Publications

Autobiographical Essays

Beate Caspari-Rosen, MD (1910 - 1995)


The Bird Feeder

My bird feeder is attached with suction cups to my bedroom window. The birds arrive early in the morning: sparrows, purple finches, though their feather are actually red, and red-winged blackbirds. When a blackbird comes, the other birds take flight and wait patiently, until the big bird leaves. Some birds are messy eaters. They pick the best seeds and throw the unwanted away. These seeds fall to the ground below and attract pigeons. I have nothing against pigeons. As a matter of fact, I like to observe their mating game, the male strutting around the female, who behaves, as if she does not notice his behavior. However, the garden committee is frowning on their presence. Pigeons bring dirt and damage the lawn. So during the summer I take the feeder off.

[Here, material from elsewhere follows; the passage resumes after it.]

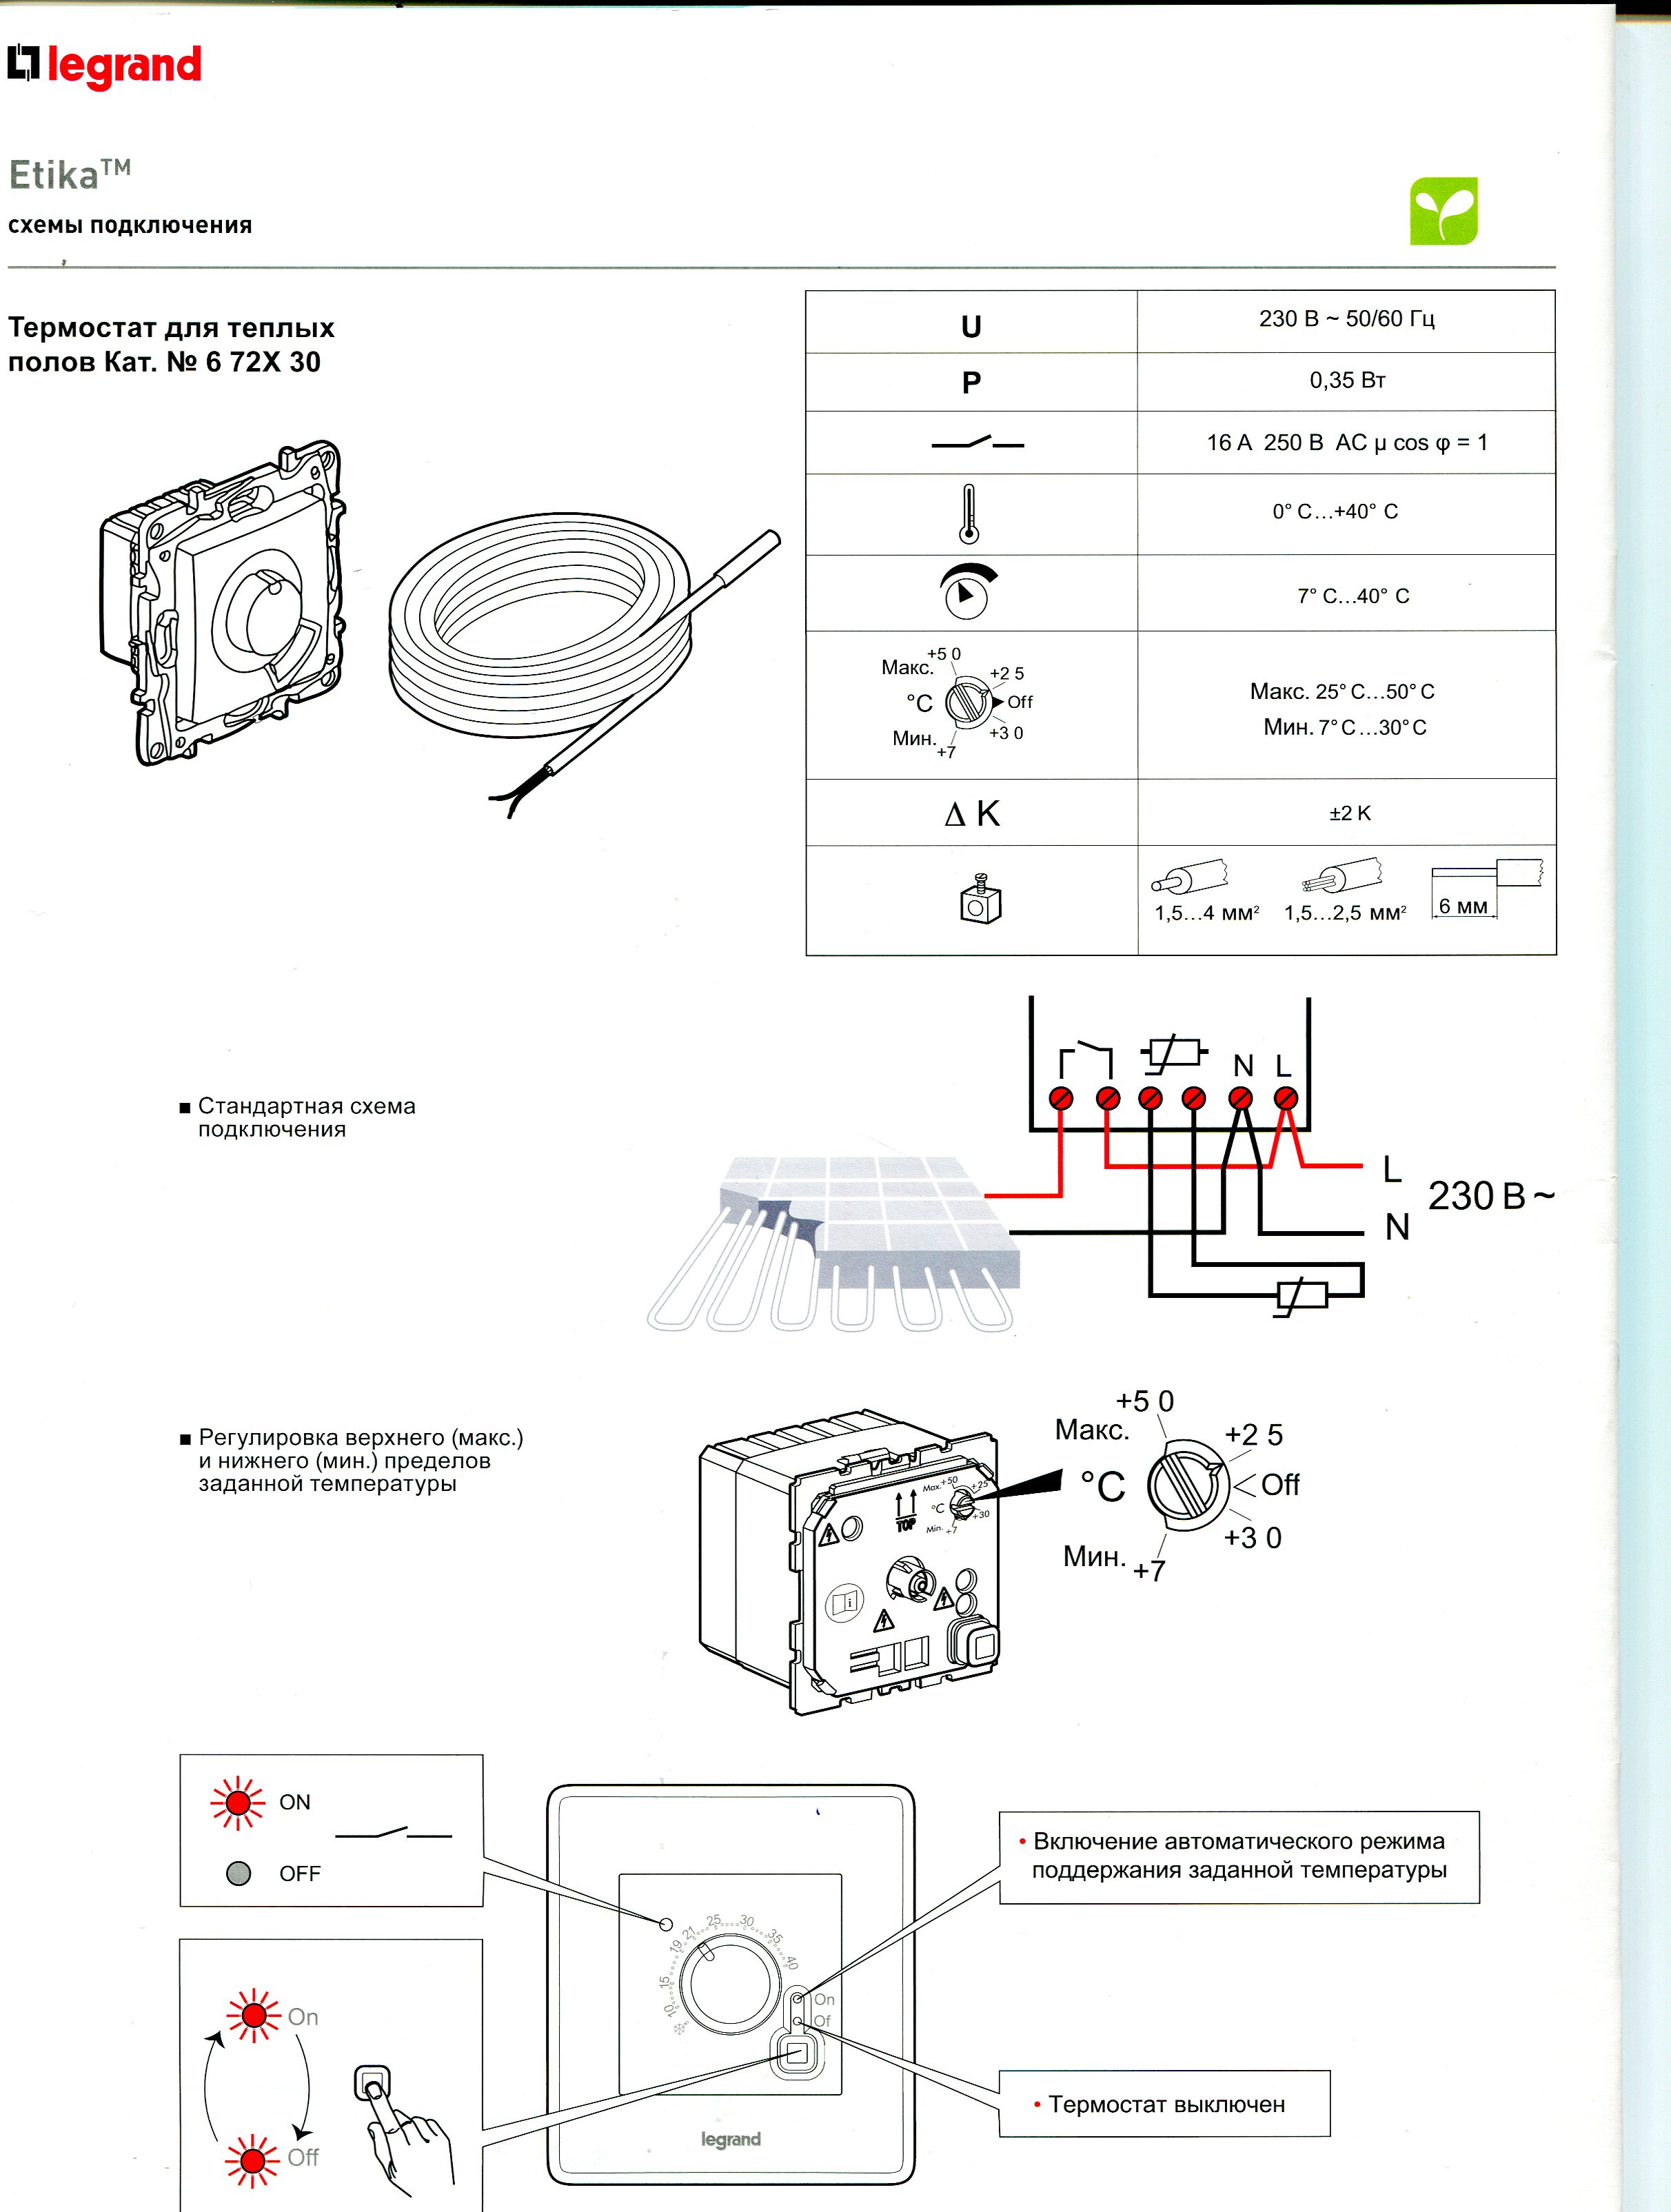 Подключение регулятора теплого пола легранд схема подключения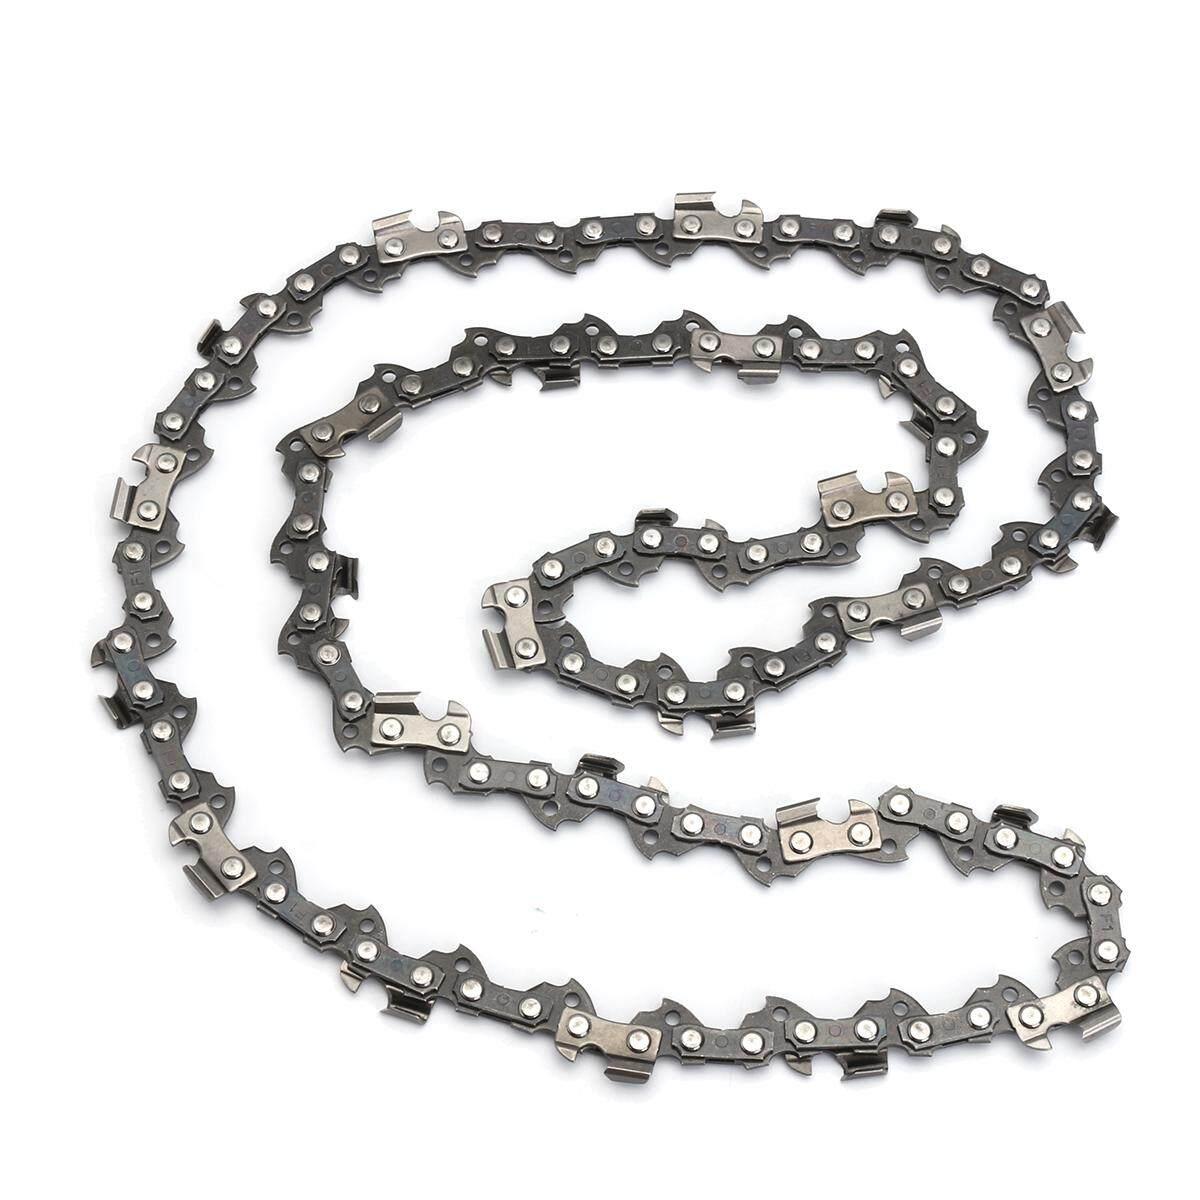 1x Chainsaw Semi Chisel Chains 3/8LP 043 55DL Stihl 16 Bar MS170 MS171 MS180

I must confess that I like to feed birds in order to observe their behavior, not because I worry that they would starve without my help. I am told that birds should not be spoiled. They should find their own nourishment during the summer. There is certainly enough food around. I do not believe in this strict ethic. I like to watch, for example, a pair of finches feeding on my largesse. The male, with its beautifully red-feathered head, sits at the side, while the female gorges herself. If a strange bird comes near his spouse, the male attacks it to drive it away. I like to watch a mother sparrow with her young ones, which though they can already fly, do not feed themselves. The mother will pick up seeds and stuff them in the chicks’ open beaks. However, I also observed, that after a certain time she refuses to feed them, and does not pay attention to their complaining peeps as she eats her own meal This forces the young ones to learn to feed themselves. Sparrows, on the whole, are vicious fighters and messy eaters, while the finches will pick daintily at their food. Too bad, I am robbed of my morning enjoyments, but when late fall arrives I shall have the pleasure of their company again.